The TPA bill provides specific guidelines from Congress over lawmakers' goals for any trade deal, but would carry on until at least July 2018.
Bob Stallman, president of the American Farm Bureau Federation, said the final Senate vote on TPA "sends a strong signal to foreign governments that we mean business at the bargaining table and are ready to complete new agreements that will break down trade barriers and open new markets from Asia to Europe."
The National Pork Producers Council noted the Trans Pacific Partnership negotiations could potentially add 10,000 more U.S. jobs tied to pork exports, based on an Iowa State University economist's findings. The pork industry could see exponential growth from the trade deal.
"U.S. trade negotiators now have the leverage they need to close the TPP negotiations," said Ron Prestage, president of the NPPC, and a pork producer from Camden, South Carolina. "The U.S. pork industry needs TPP to continue growing our exports."
The Trans Pacific Partnership includes the U.S., as well as Australia, Brunei Darussalam, Chile, Canada, Japan, Malaysia, Mexico, New Zealand, Peru, Singapore and Vietnam. Those countries already account for more than 40% of all U.S. ag exports and 47% of all agricultural imports as well.
Potentially, Colombia, the Philippines, Taiwan and South Korea could join the TPP trade deal as well.
TPP is expected to lower tariffs that are as high as 240% for products such as U.S. poultry in some countries and tariffs that can reach 90% for U.S. produce and 50% for beef in some of those markets as well.
The U.S. also is negotiating a trade deal with the European Union called the Transatlantic Trade and Investment Partnership that could be an even larger deal, but those talks are further behind the Pacific talks.
The American Soybean Association called on President Obama to sign the TPA bill as quickly as possible to help finalize the Trans Pacific talks. Wade Cowan, president of ASA and a Texas farmer, noted 60% of U.S. soybeans are exported.

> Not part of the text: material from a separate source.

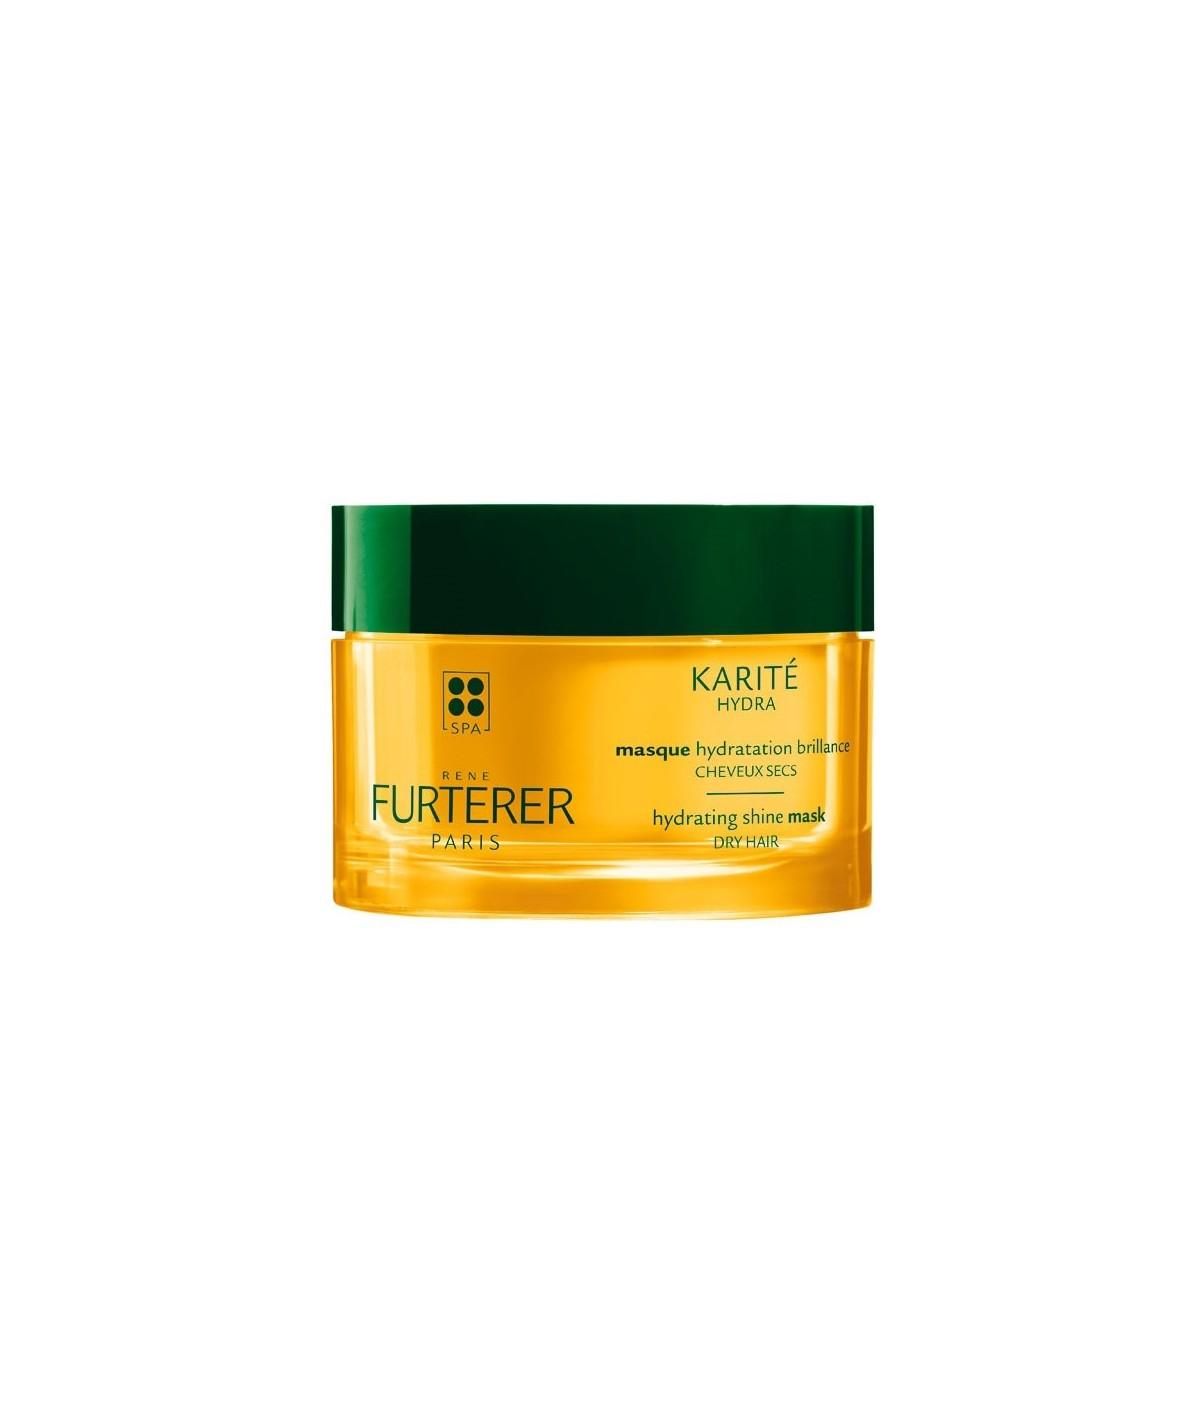 Rene Furterer Mascarilla Karité Hydra 200ml

"That investment in overseas markets creates demand here at home, and translates to real dollars for farmers and rural communities," Cowan said. "Plus, for the nation as a whole, trade both creates and sustains jobs. Every billion dollars in U.S. agricultural exports supports almost 7,000 American jobs. An administration equipped with TPA is better able to represent this essential component of our economy at the bargaining table, and the Senate deserves a big 'thank you' for helping to make it happen."

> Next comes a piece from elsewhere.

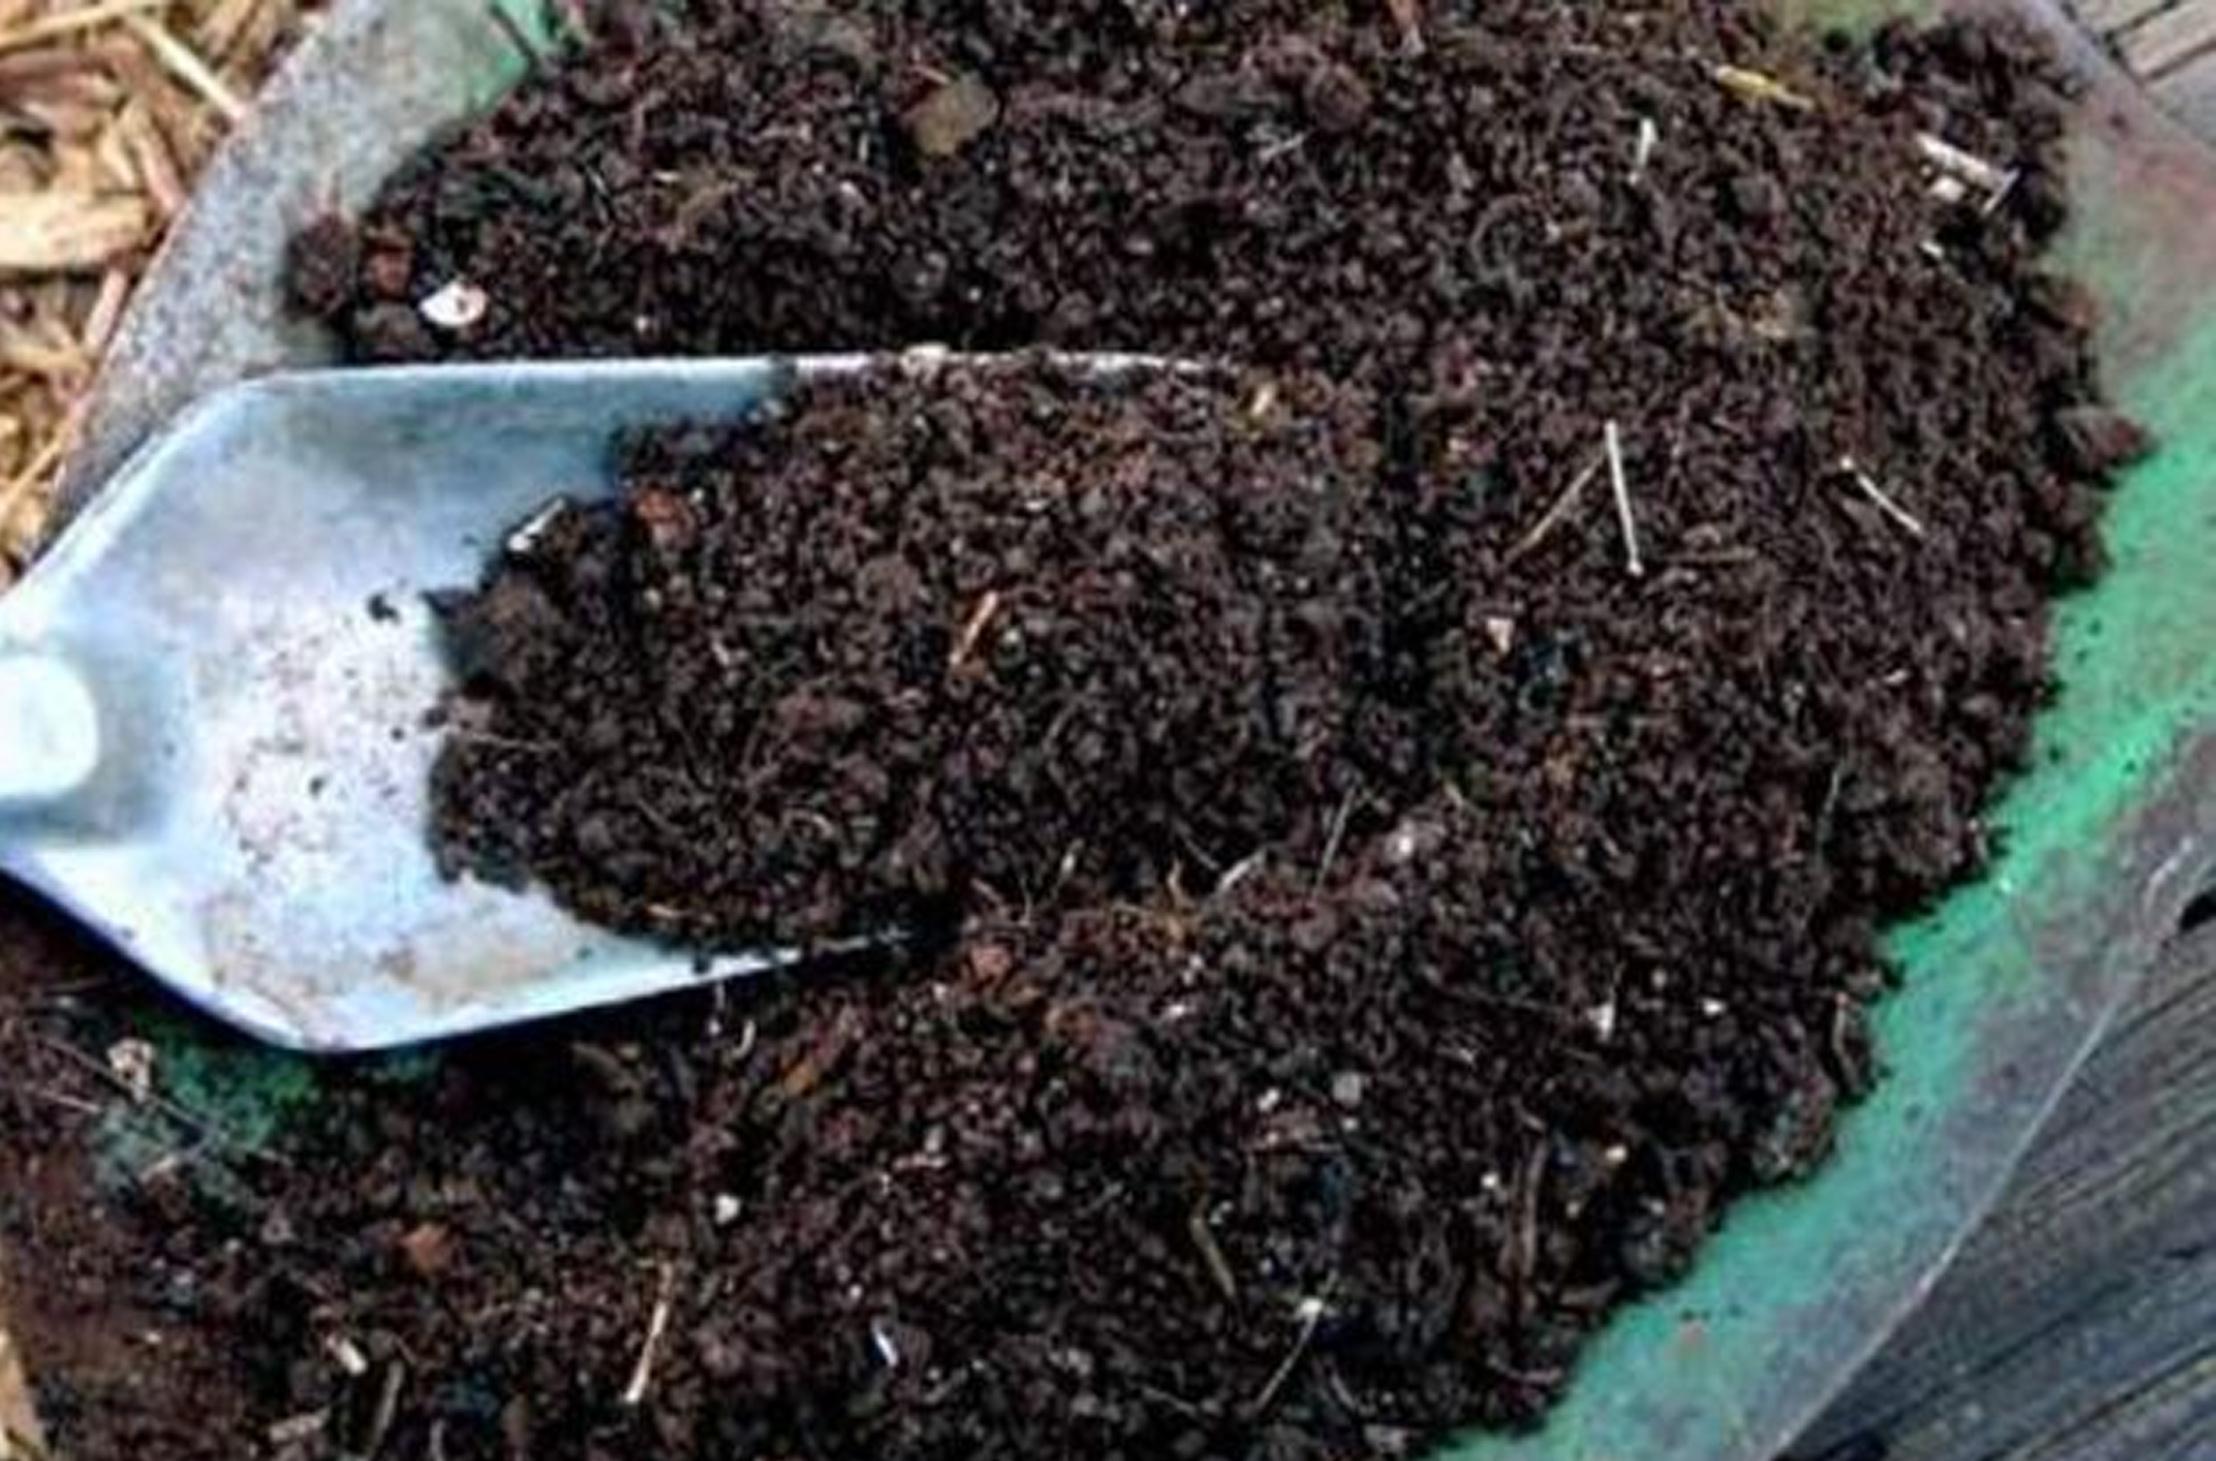 Pupuk Organik Jadi Dasar Strategi Peningkatan Pertanian

The National Cattlemen's Beef Association reiterated similar themes, citing that beef exports topped $7.1 billion in 2014 and there is more to be had with potentially lower tariffs and import restrictions through pending trade deals.
"As the demand for U.S. beef continues to grow around the world, the future success of the beef industry rests in our ability to meet foreign demand without interference of tariff and non-tariff trade barriers," said Philip Ellis, president of NCBA. "With TPA passed, the U.S. can focus on finalizing trade agreements like the Trans-Pacific Partnership that will give us greater access to consumers throughout the Pacific Rim."
Chip Bowling, a Maryland farmer and president of the National Corn Growers Association, called Wednesday's vote a "huge victory for America's corn farmers and the entire agricultural industry." He added, "With major trade negotiations underway in the Asia-Pacific region and Europe, today's vote could not have come at a better time. The U.S. is back in the driver's seat, negotiating the best possible deal for American farmers and livestock producers in these and other future trade agreements."
Tom Nassif, president and CEO of Western Growers Association, cited that the U.S. exports $15 billion in fresh produce, but imports nearly $19 billion. Trade deals should allow U.S. trade negotiators to provide more market access to Pacific countries, he said.
Editor's note: DTN Political Correspondent Jerry Hagstrom contributed to this article.